Sementara Suydam dan Weaver mencatat, guru umumnya mempercayai bahwa siswa
belajar lebih efektif manakala mereka tertarik dengan apa yang dipelajarinya dan mereka
akan berprestasi baik kalau mereka menyukai matematika, karena itu sikap positif siswa
terhadap matematika menjadi penting untuk dipelihara (Turmudi, 2008). Logikanya, secara
kontraposisi, ketika sikap siswa tidak positif, mereka mulai tidak suka kepada matematika,
maka prestasi belajar mereka akan menurun. Senada dengan hal tersebut, ketakutan kepada
matematika akan berujung kepada rendahnya hasil belajar matematika.
Pembaharuan dalam pendidikan dan pembelajaran Matematika di negeri kita
tampaknya mengikuti kecenderungan inovasi negara-negara lain. Perhatian pemerintah dan
pakar pendidikan matematika diberbagai negara untuk meningkatkan kemampuan matematika
siswa mengarah kepada upaya mengatasi rendahnya aktivitas dan hasil belajar matematika.
Sekarang ini tengah diuji-cobakan penggunaan pembelajaran matematika secara kontekstual
dan humanistik seperti yang telah dikembangkan di negara-negara maju. Misalnya Belanda
dengan RME, dengan pendekatan ini diduga peningkatan hasil belajar dan aktivitas siswa
dapat dilakukan dengan menyajikan materi yang dekat dengan kehidupan sehari-hari.
Amerika Serikat dengan CTL, pendekatan ini dapat meningkatkan hasil belajar dan aktivitas
siswa dalam menyelesaikan tugas matematika melalui pembelajaran yang dimulai dengan
masalah-masalah kontekstual. Pendekatan seperti ini diduga mampu mengantarkan siswa
dalam merespons setiap masalah dengan baik, karena dalam kehidupan sehari-hari, siswa
telah mengenal masalah tersebut. Jepang dengan open-ended, pendekatan ini, diduga
peningkatan hasil belajar dan aktivitas siswa dapat dilakukan dengan memberi soal-soal
terbuka yang memiliki banyak jawab benar. Singapura dengan concrete-victorial-abstract
approach, peningkatan aktivitas dan hasil belajar matematika siswa diduga dapat dilakukan
melalui perantaraan benda-benda konkrik dan gambar-gambar yang menarik perhatian siswa.
Australia dengan mathematics in context.
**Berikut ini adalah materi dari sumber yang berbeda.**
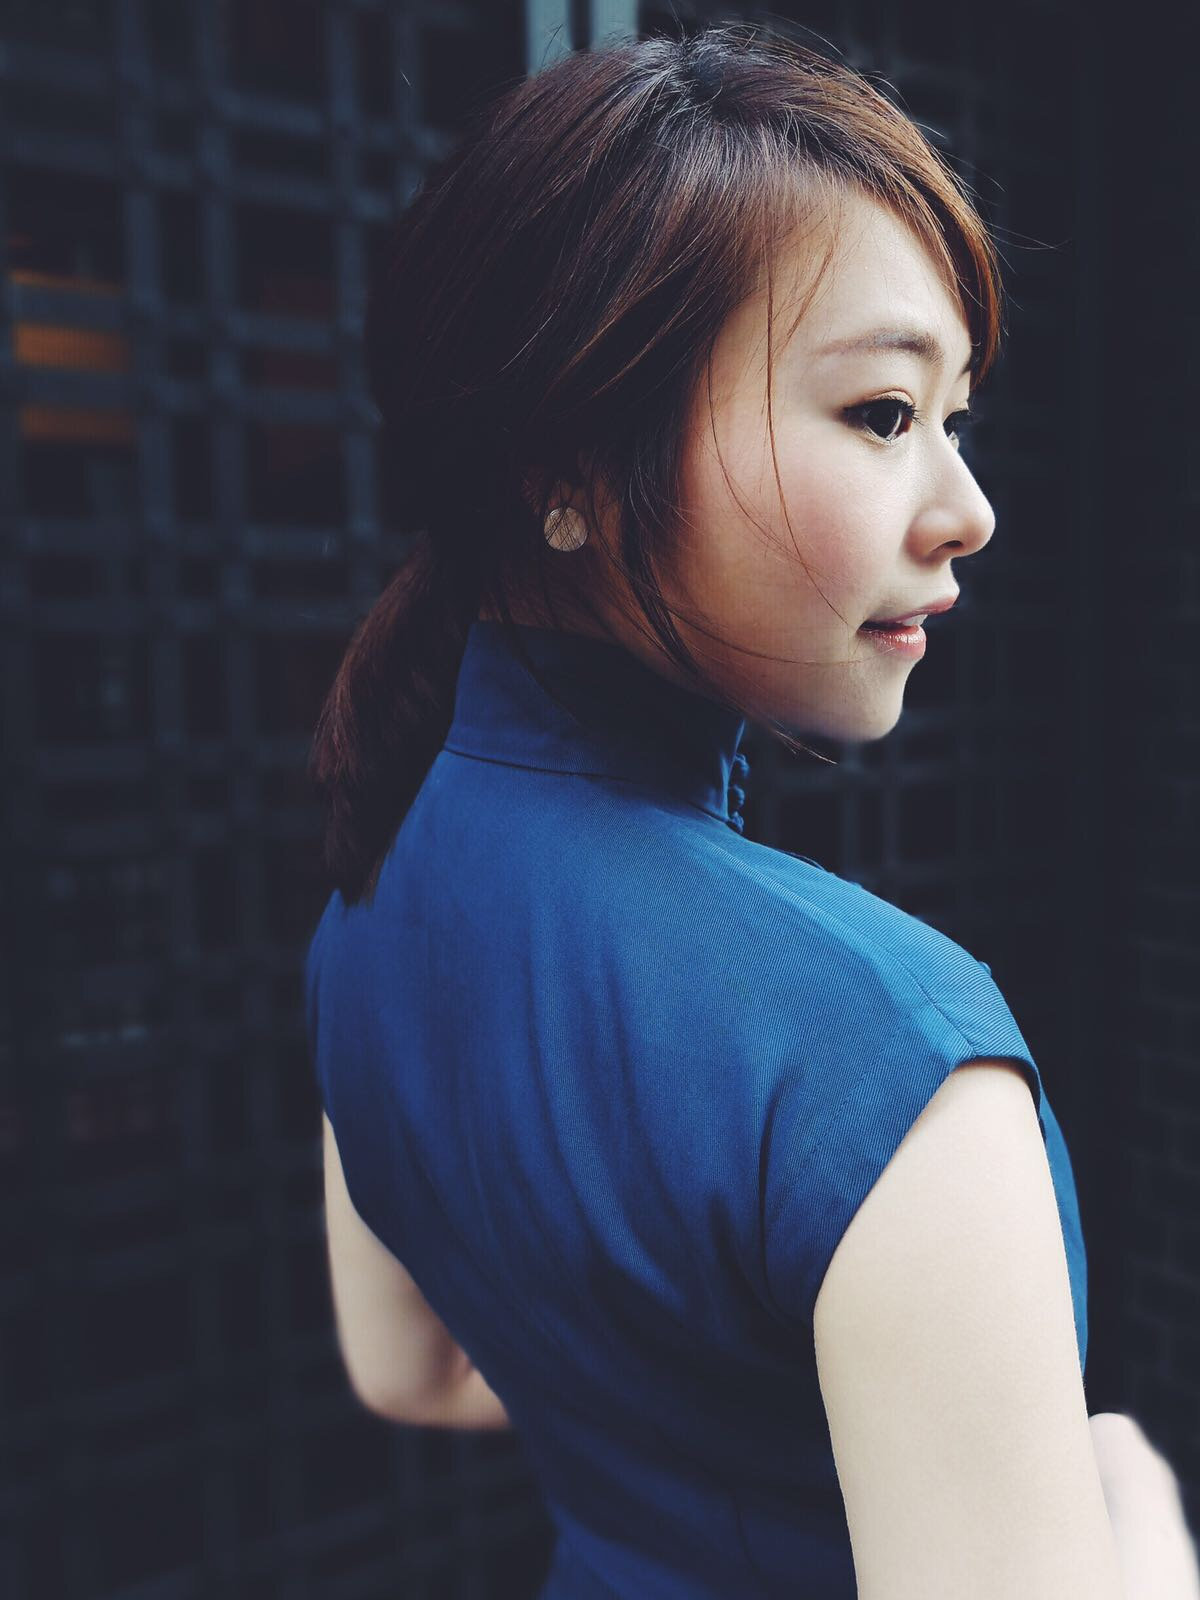 女裝旗袍租借 Qipao Rental

Sedangkan di Indonesia sendiri di tingkat SD tengah
dipopulerkan PMRI. Kesemuanya ini dapat meningkatkan hasil belajar dan aktivitas
matematik siswa (Puskur, 2007).
Agar kesulitan yang dihadapi siswa dapat diatasi dan kemampuan matematik dapat
ditingkatkan, tentu dibutuhkan suatu metode pembelajaran yang mampu memberikan
kebermaknaan belajar bagi siswa, karena menurut Madnesen dan Sheal dalam Suherman
(2004) bahwa kebermaknaan belajar tergantung bagaimana cara siswa belajar. Jika belajar
hanya dengan membaca kebermaknaan bisa mencapai 10%, dari mendengar 20%, dari
melihat 30%, mendengar dan melihat 50%, mengatakan-komunikasi mencapai 70 %, dan
belajar dengan melakukan dan mengkomunikasikan bisa mencapai 90%. Dari uraian di atas
implikasi terhadap pembelajaran adalah bahwa kegiatan pembelajaran identik dengan
aktivitas siswa secara optimal, tidak cukup dengan mendengar dan melihat, tetapi harus
dengan hands-on activity, minds-on, konstruksivis, dan daily life. Oleh karena itu guru mesti
menghadirkan metode pembelajaran yang dapat mendukung cara belajar siswa secara aktif,
kreatif, efektif dan menyenangkan.
2
Wahidin, komunitas matematika kreatif UHAMKA
3. B. Pembelajaran Kreatif
Sementara ini pembelajaran kreatif dipopulerkan dengan PAKEM ataupun PAIKEM.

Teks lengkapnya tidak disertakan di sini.